Hari ini, media sosial di Indonesia tampak berbeda dari biasanya. Netizen dengan antusias membanjiri linimasa mereka dengan gambar garuda berlatar biru dongker. Di Instagram, di X, bahkan di Facebook, lambang kebanggaan negeri ini mendadak jadi tren yang tidak terbendung. Ada yang mempermasalahkan? Tentu saja tidak, karena inilah "Peringatan Darurat," kampanye terbaru yang berhasil mengguncang dunia maya.
Gambar garuda biru yang mendadak viral ini rupanya bukan karya seni baru dari seniman kondang atau bagian dari kampanye merek ternama. Gambar ini pertama kali muncul dari akun kolaborasi yang tidak asing lagi: @narasinewsroom, @najwashihab, @matanajwa, dan @narasi.tv. Entah apa yang merasuki mereka, namun mereka berhasil memicu perdebatan sengit di seluruh pelosok internet hanya dengan satu gambar sederhana. Tidak ada penjelasan rinci atau pidato panjang, hanya garuda dengan latar biru dan sebuah teks: "Peringatan Darurat."
Di X, platform yang dulunya dikenal sebagai Twitter, kata kunci "Peringatan Darurat" langsung meroket menjadi trending topic. Bahkan dalam sekejap, hastag #KawalPutusanMK muncul sebagai penguasa trending topic dengan hampir 25.000 tweet. Barangkali kita harus mengakui, netizen Indonesia memang mahir menjadikan apa saja sebagai tren, asalkan diberi sedikit provokasi.

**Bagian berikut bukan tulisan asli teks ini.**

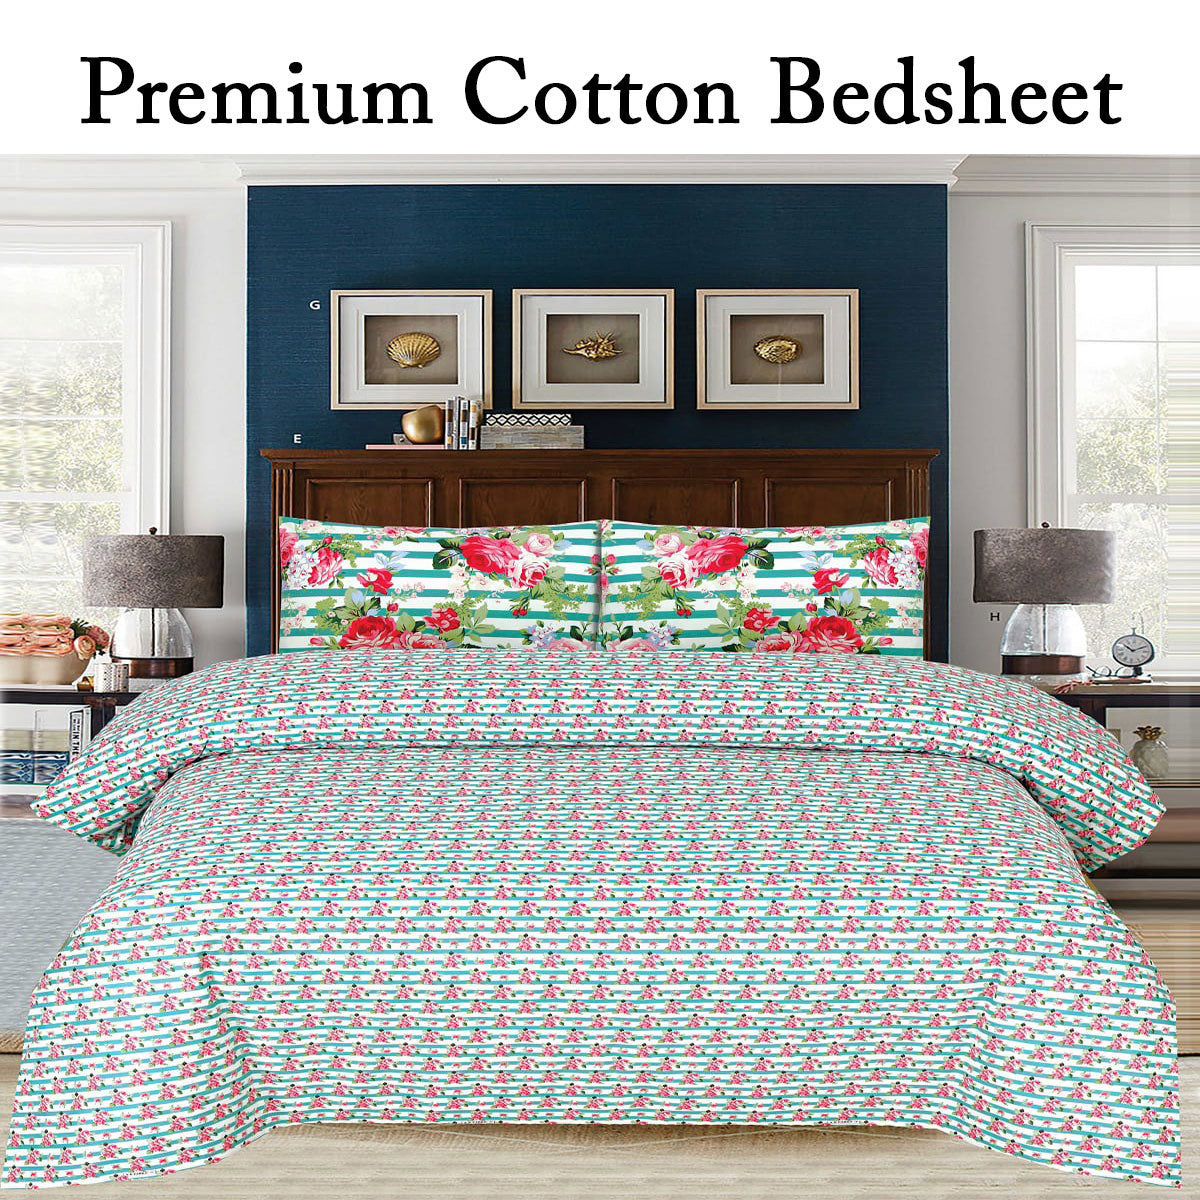 PREMIUM COTTON BED SHEET - Hangree

Namun, apa sebenarnya yang membuat gerakan ini begitu menarik perhatian? Ternyata, ini bukan sekadar ajakan untuk mengganti profil picture atau menunjukkan rasa nasionalisme yang meledak-ledak. "Peringatan Darurat" ini adalah sebuah seruan untuk mengawal Pilkada 2024, memastikan bahwa proses demokrasi yang sudah kita perjuangkan selama ini tidak dicurangi oleh kekuatan-kekuatan politik yang bermain di belakang layar.

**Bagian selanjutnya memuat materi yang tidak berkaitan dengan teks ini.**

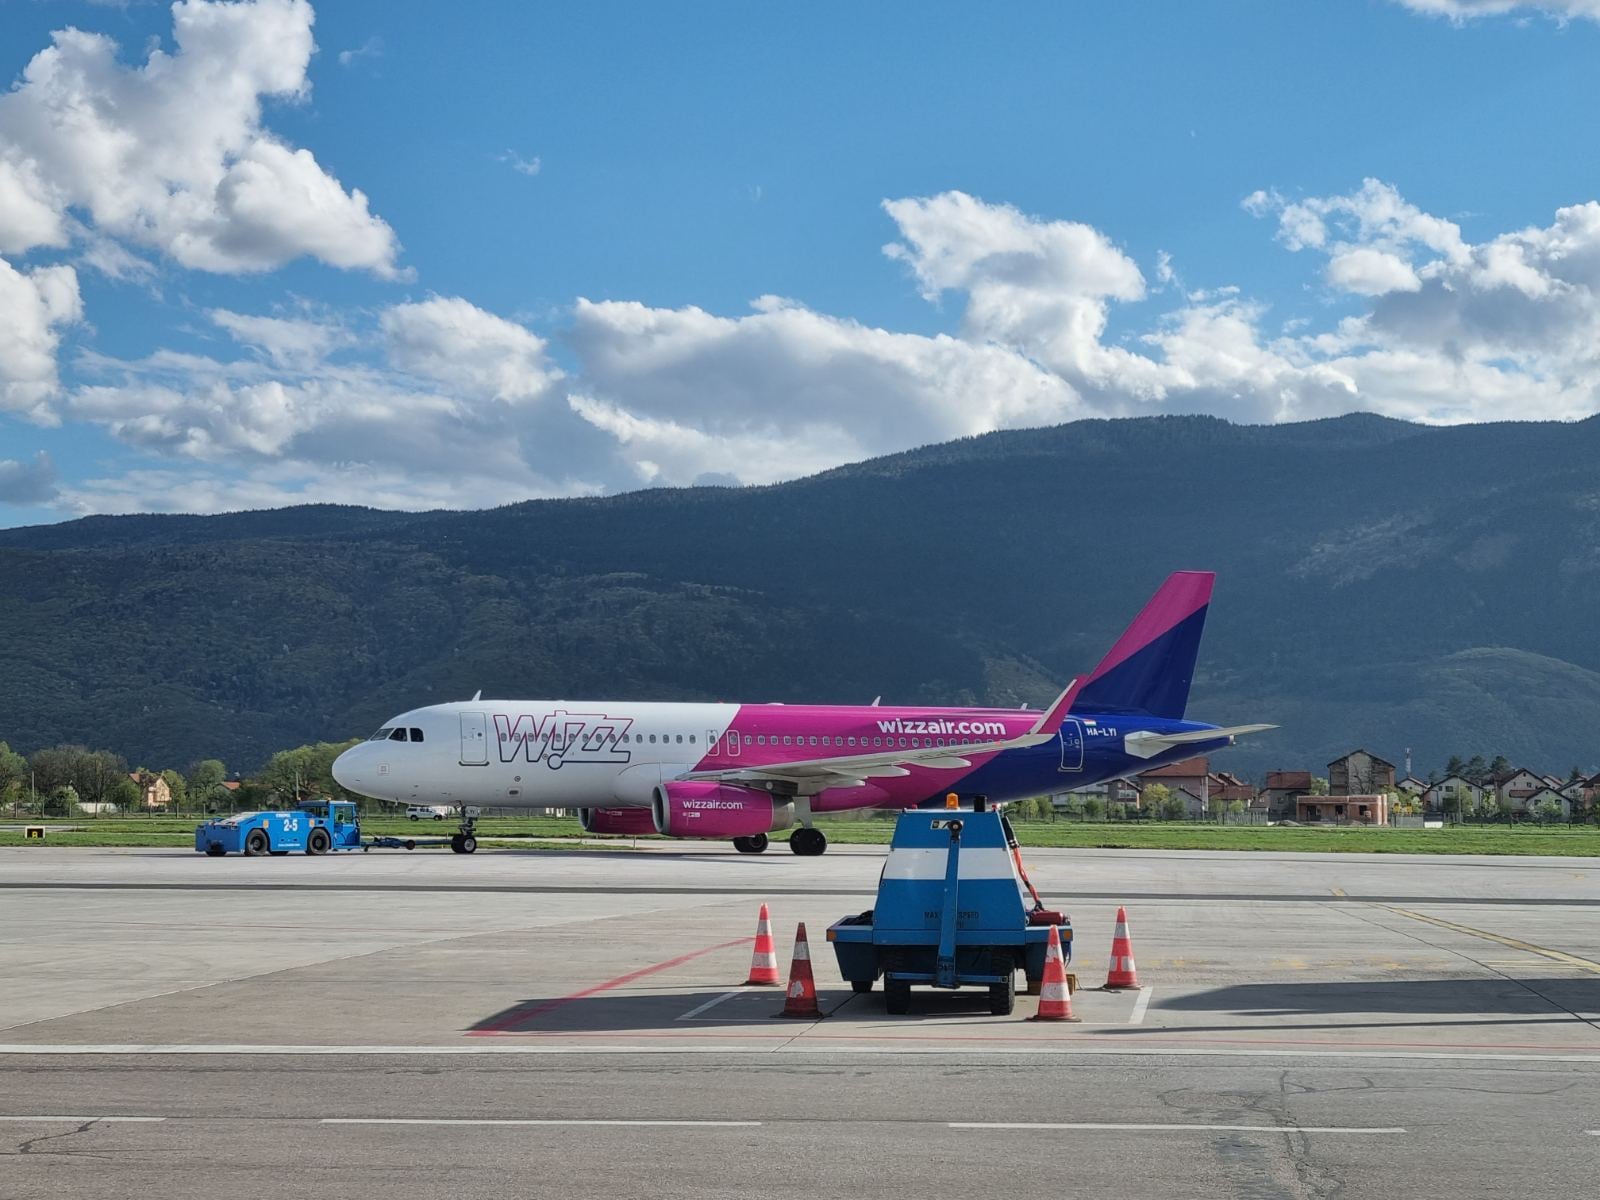 Niskobudžetna aviokompanija Wizz Air zatvara bazu u Sarajevu

Narasi yang beredar di media sosial ramai membahas tentang keputusan Mahkamah Konstitusi (MK) pada 20 Agustus 2024 lalu. MK memutuskan bahwa partai politik tidak perlu memiliki kursi di DPRD untuk mengajukan calon kepala daerah. Keputusan ini, tentu saja, membuat banyak pihak mendadak jadi ahli konstitusi dadakan, berdebat di media sosial tentang dampak keputusan ini terhadap masa depan bangsa.
Tentu, tidak lengkap rasanya jika DPR tidak ikut ambil bagian dalam kericuhan ini. Pada 21 Agustus 2024, DPR memutuskan untuk menggelar rapat membahas revisi Undang-undang Pilkada. Rumor beredar bahwa revisi ini dilakukan untuk menyesuaikan atau mungkin menganulir keputusan MK. Namun, Achmad Baidowi, Wakil Ketua Badan Legislasi DPR, dengan tenang membantah semua spekulasi. Menurutnya, pembahasan revisi UU Pilkada tidak akan berbentrokan dengan putusan MK. Baidowi ini sepertinya lupa bahwa di negeri ini, kata-kata politikus jarang dipercaya tanpa dicurigai terlebih dahulu.

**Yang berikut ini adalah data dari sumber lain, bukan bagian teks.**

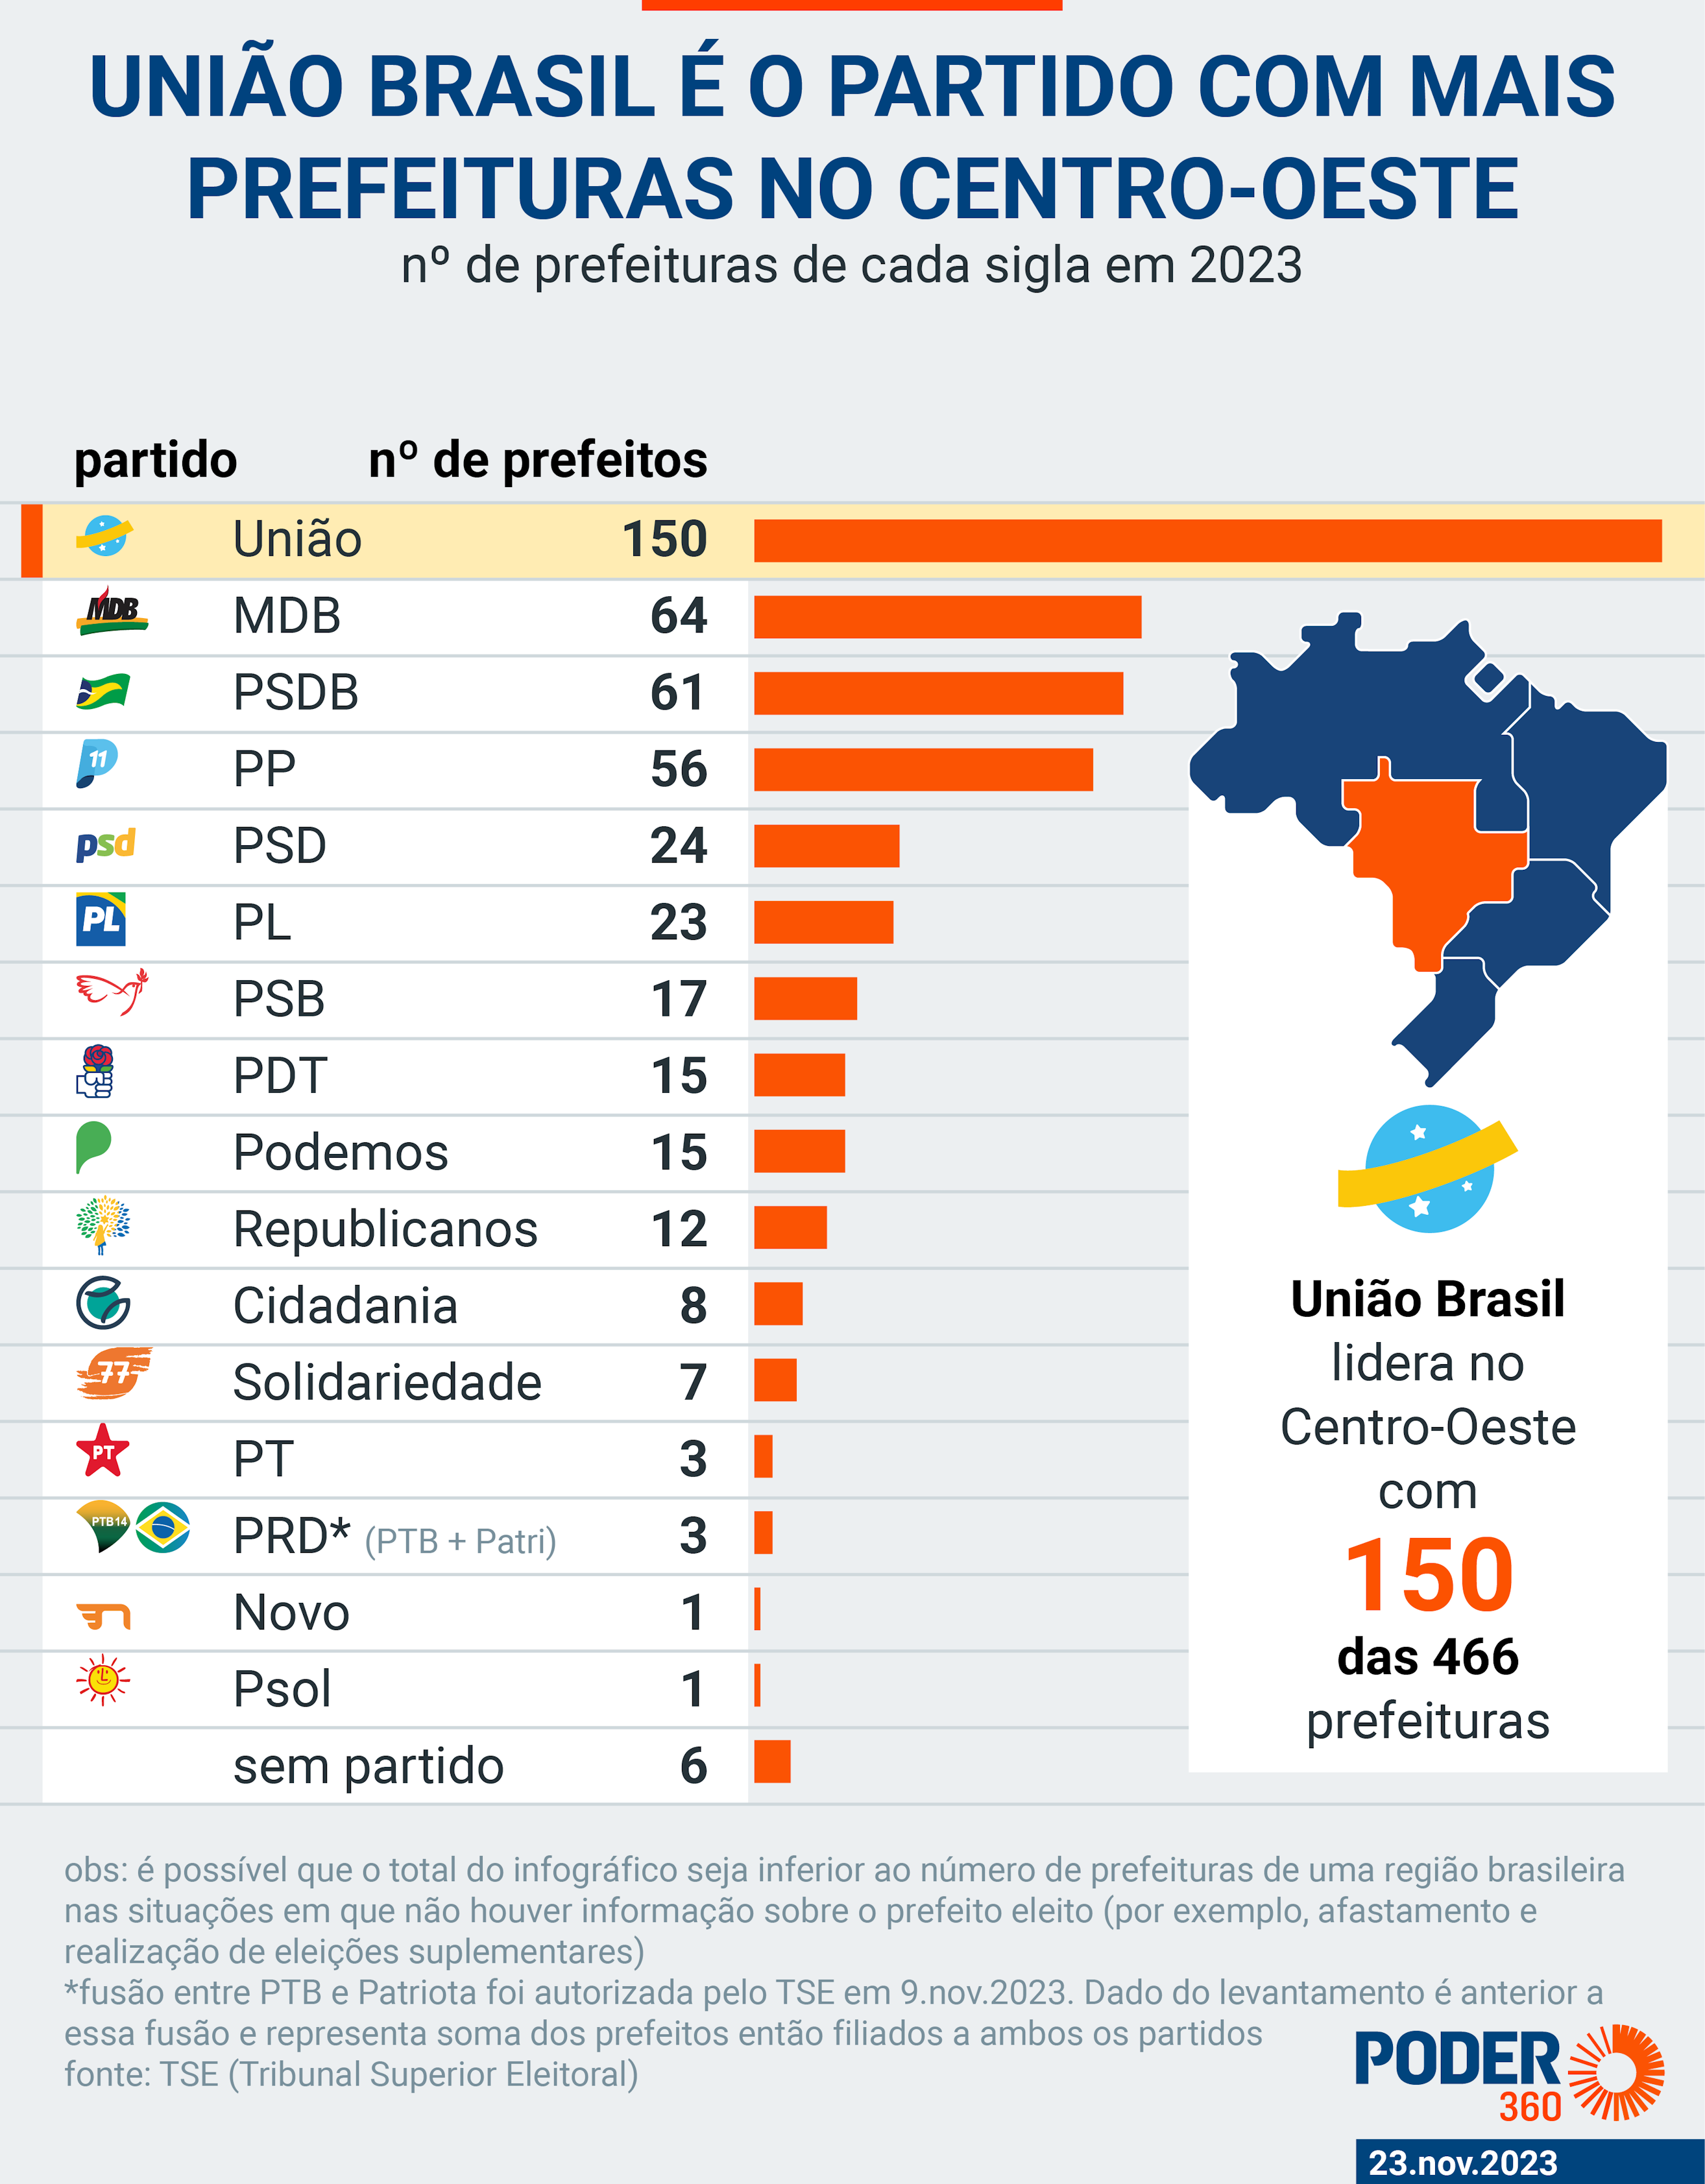 psd de kassab vira partido com maior nº de prefeitos no brasil

Mungkin benar bahwa gerakan "Peringatan Darurat" ini adalah cerminan dari keresahan masyarakat terhadap proses demokrasi yang terus-menerus diwarnai oleh intrik politik. Tapi di sisi lain, ini juga menunjukkan betapa mudahnya kita terpicu oleh gambar-gambar dan kata-kata yang merangkak di media sosial. Dengan hanya satu gambar garuda berlatar biru, kita serentak mengalihkan perhatian dari isu-isu yang lebih mendesak.
Jadi, apa pelajaran yang bisa kita petik dari semua ini? Barangkali, di era digital ini, kita memang lebih peduli pada simbol daripada substansi. Dan jika simbol itu cukup kuat, kita siap berdiri di belakangnya, apa pun maknanya.
Dan di penghujung hari, saat kita berdebat, berbagi, dan bereaksi terhadap gerakan-gerakan ini, mungkin kita harus bertanya pada diri sendiri: apakah semua ini benar-benar penting, atau kita hanya terjebak dalam permainan yang diatur oleh algoritma media sosial? Mungkin, seperti garuda biru itu, jawabannya akan tetap misterius, tersembunyi di balik layar ponsel kita.